Deste modo, o dispositivo estaria ordenando uma espécie de presunção de má-fé 
por parte do terceiro que de boa-fé acreditou tratar-se de ato legítimo da pessoa 
jurídica, o que na realidade era excesso de seu administrador. De todo modo, a 
obrigação é imputável somente ao representante da sociedade. 
 Todavia, o autor (SMITH, 2009) prossegue dizendo que, caso a Teoria da 
Aparência fosse realmente aplicada na situação em apreço, primeiro deveria a 
sociedade cumprir com suas obrigações, para depois então pleitear em face de seu 
administrador que agiu em dissonância com seus poderes previamente constituídos. 
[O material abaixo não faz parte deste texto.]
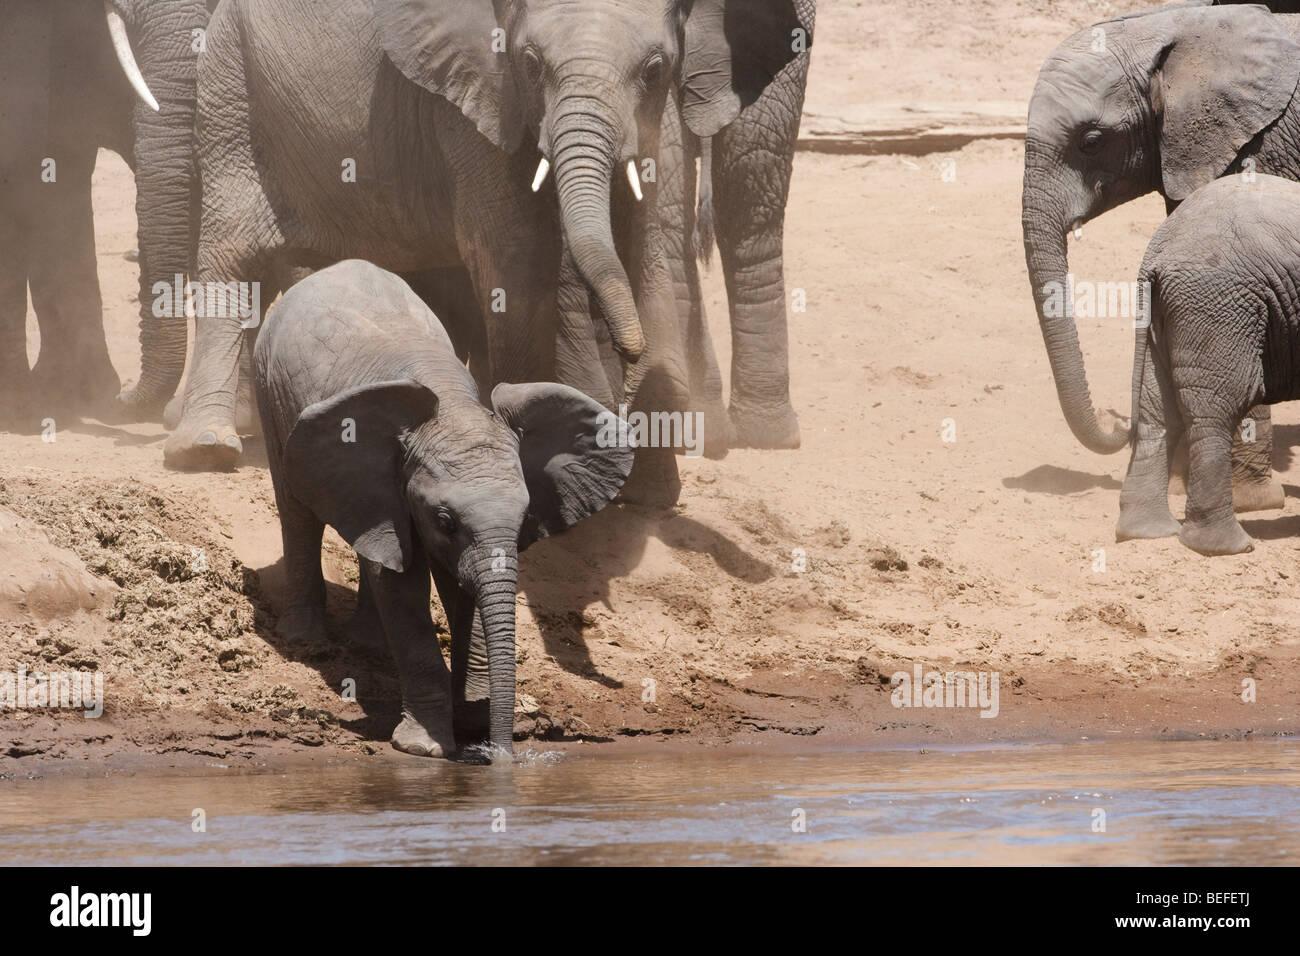 Funny lindo bebé orejas de elefante africano, el tronco en agua, deslizándose por la suciedad riverbank para tomar una copa, supervisado por la madre elefante Masai Mara, Kenya Foto de stock

Não é o que se entende da leitura do Enunciado 219, tendo em vista que o terceiro 
de boa-fé voltar-se-á contra o indivíduo que se fez parecer representante para exigir 
o cumprimento da obrigação, e não contra a sociedade que, por aparência, 
participou do ato. Trata-se de uma proteção relativa à segurança jurídica do terceiro 
31 
 
de boa-fé, tendo em vista que, como já relatado no histórico da teoria ultra vires, 
houve o tempo em que o ato além das forças da sociedade era simplesmente nulo, 
não surtindo nenhum efeito no mundo jurídico, incluindo o terceiro e o representante 
da sociedade. 
 Smith (2009) anota ainda que, em que pese a presença da teoria ultra vires 
no ordenamento jurídico brasileiro, frequentemente os julgadores têm se utilizado da 
Teoria da Aparência no que atine aos vários tipos de negócios aparentes, com o 
intuito de tutelar a segurança do público nas relações empresariais, resguardar o 
terceiro de boa-fé, que se encontra desobrigado de consultar, a toda operação 
mercantil, o ato constitutivo da empresa a fim de verificar os poderes do 
administrador com quem se trata a fim de firmar o pacto jurídico. Conclui que a 
aplicação do art. 1.015, Parágrafo único, III do Código Civil deverá ser aplicada 
somente na ocorrência de negócios avantajados, nos quais o terceiro não pode 
alegar a confiança na mera aparência do representante, tendo em vista que o valor 
tratado suplanta largamente o valor despendido nas diligências necessárias para 
consultar o contrato social da sociedade. 
 São consonantes ao entendimento do Enunciado 219 do Conselho da Justiça 
Federal também Von Adamek e França (2007), ao afirmarem que o alcance do art. 
1.015, Parágrafo único, III, do Código Civil é limitado, pois prevê a ineficácia 
somente perante a sociedade de operação evidentemente estranha aos negócios da 
sociedade. Com efeito, o ato ultra vires não será declarado nulo, mas sim ineficaz 
perante a sociedade, exclusivamente. 
 Os autores (VON ADAMEK; FRANÇA, 2007) trazem o raciocínio de que a 
doutrina tradicional defende que o objeto social traz limites à capacidade jurídica da 
sociedade, deste modo a invalidade do ato praticado seria a sanção cabível quando 
não a fosse respeitada. Todavia, com o fito de evitar prejuízos demasiados aos 
terceiros de boa-fé e de evitar a impunidade do próprio representante que atuou 
indevidamente, o legislador civilista levou a tratar os atos ultra vires como ineficazes 
apenas em relação a própria sociedade, na tentativa de tutelar tanto os interesses 
dos sócios quanto do terceiro negociador. 
 Destarte, é possível visualizar que a primeira ressalva trazida pelo Enunciado 
219 do Conselho da Justiça Federal ressalta a importância em vincular o ato ultra 
vires como sendo ineficaz apenas em relação à sociedade, surtindo efeitos tanto em 
relação ao administrador quanto ao terceiro de boa-fé. 
32 
 
3.2 A RATIFICAÇÃO DO ATO PELO ÓRGÃO DELIBERATIVO DA SOCIEDADE 
CASO NÃO HAJA EMBARGO 
 
 O Enunciado 219 traz a possibilidade de retificação do ato ultra vires por meio 
do órgão deliberativo da sociedade, caso o mesmo não possua embargo. 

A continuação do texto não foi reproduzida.